| Exercise objective |
Copy out the data word for word, without any of its pictures.

** Opening Given material block **

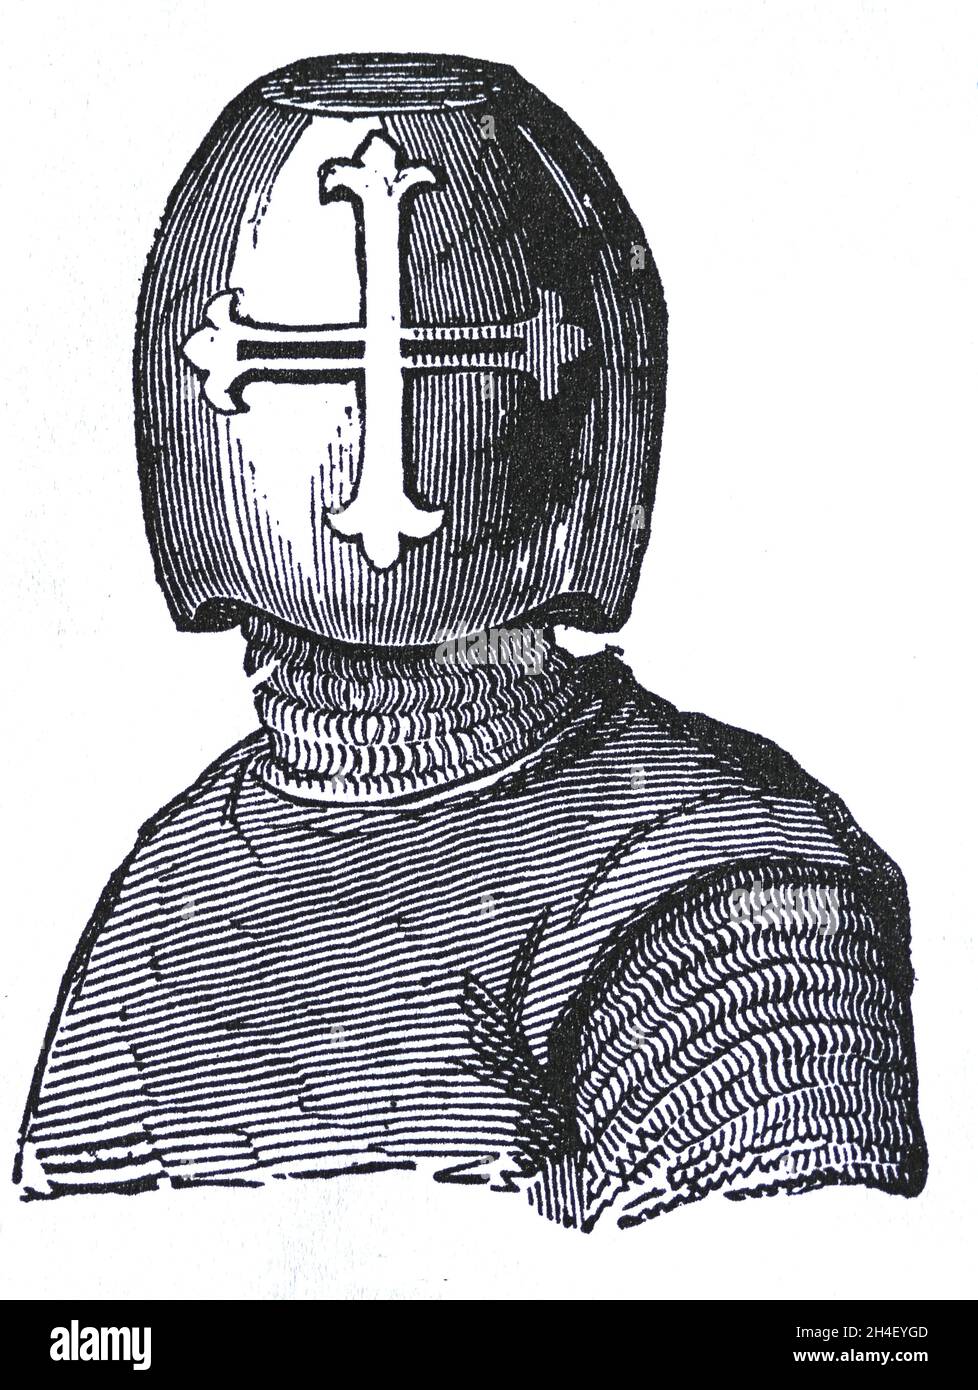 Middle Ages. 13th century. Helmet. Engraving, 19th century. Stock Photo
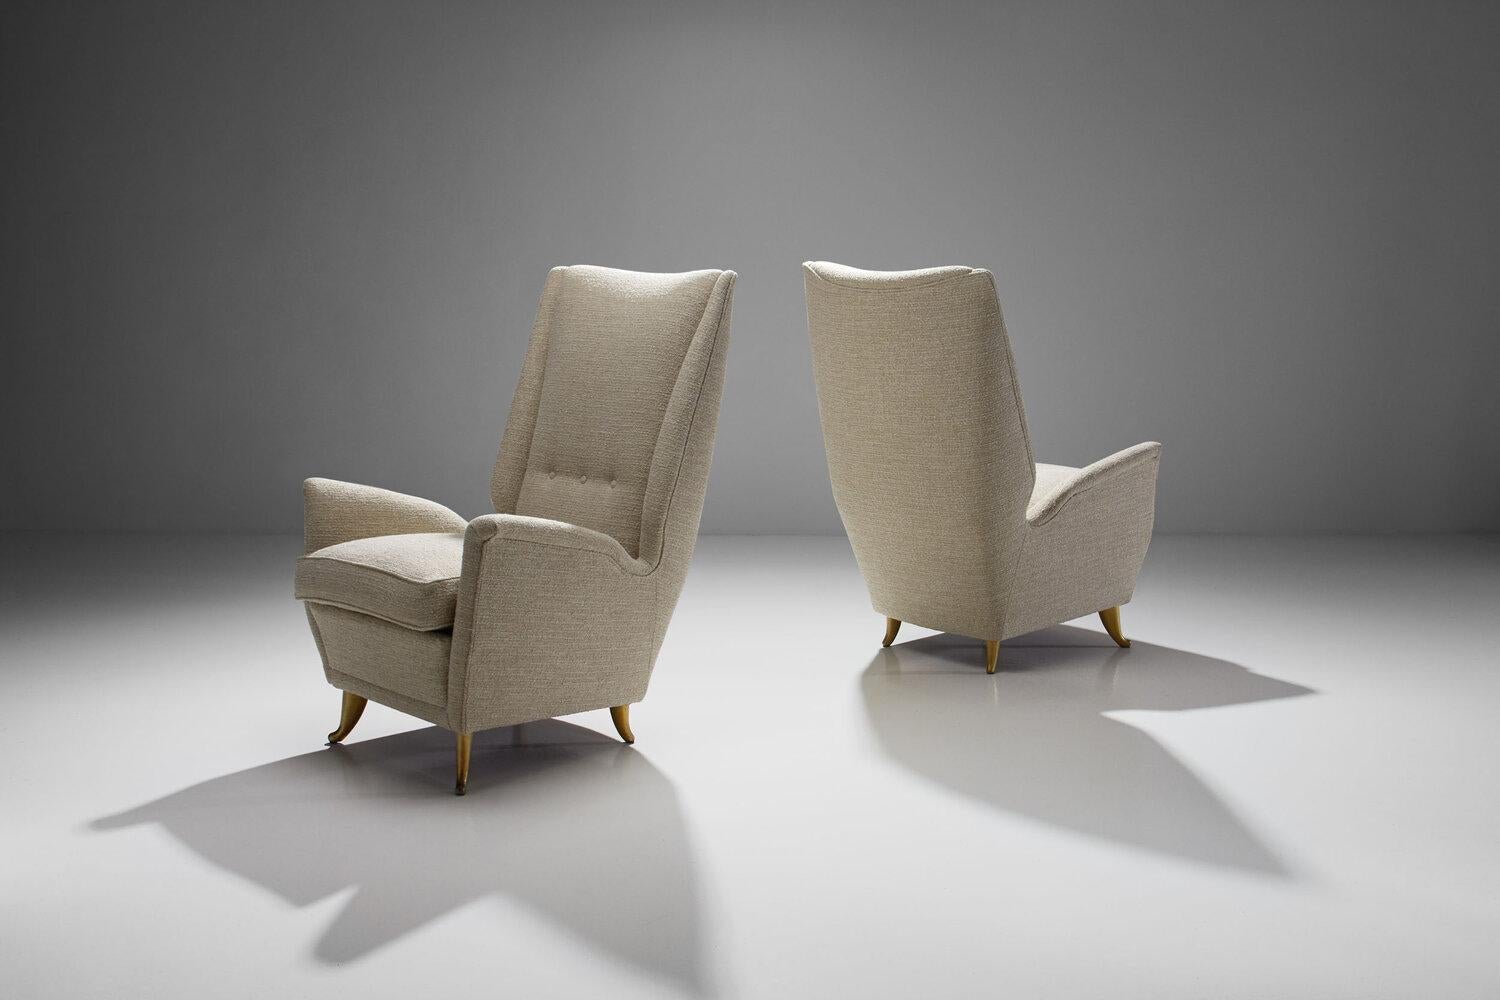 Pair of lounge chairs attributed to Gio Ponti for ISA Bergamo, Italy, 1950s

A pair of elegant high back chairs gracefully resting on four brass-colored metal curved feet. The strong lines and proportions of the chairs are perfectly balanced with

** Closing Given material block **

| Written solution |
 Middle Ages. 13th century. Helmet. Engraving, 19th century. Stock Photo
 Pair of lounge chairs attributed to Gio Ponti for ISA Bergamo, Italy, 1950s

A pair of elegant high back chairs gracefully resting on four brass-colored metal curved feet. The strong lines and proportions of the chairs are perfectly balanced with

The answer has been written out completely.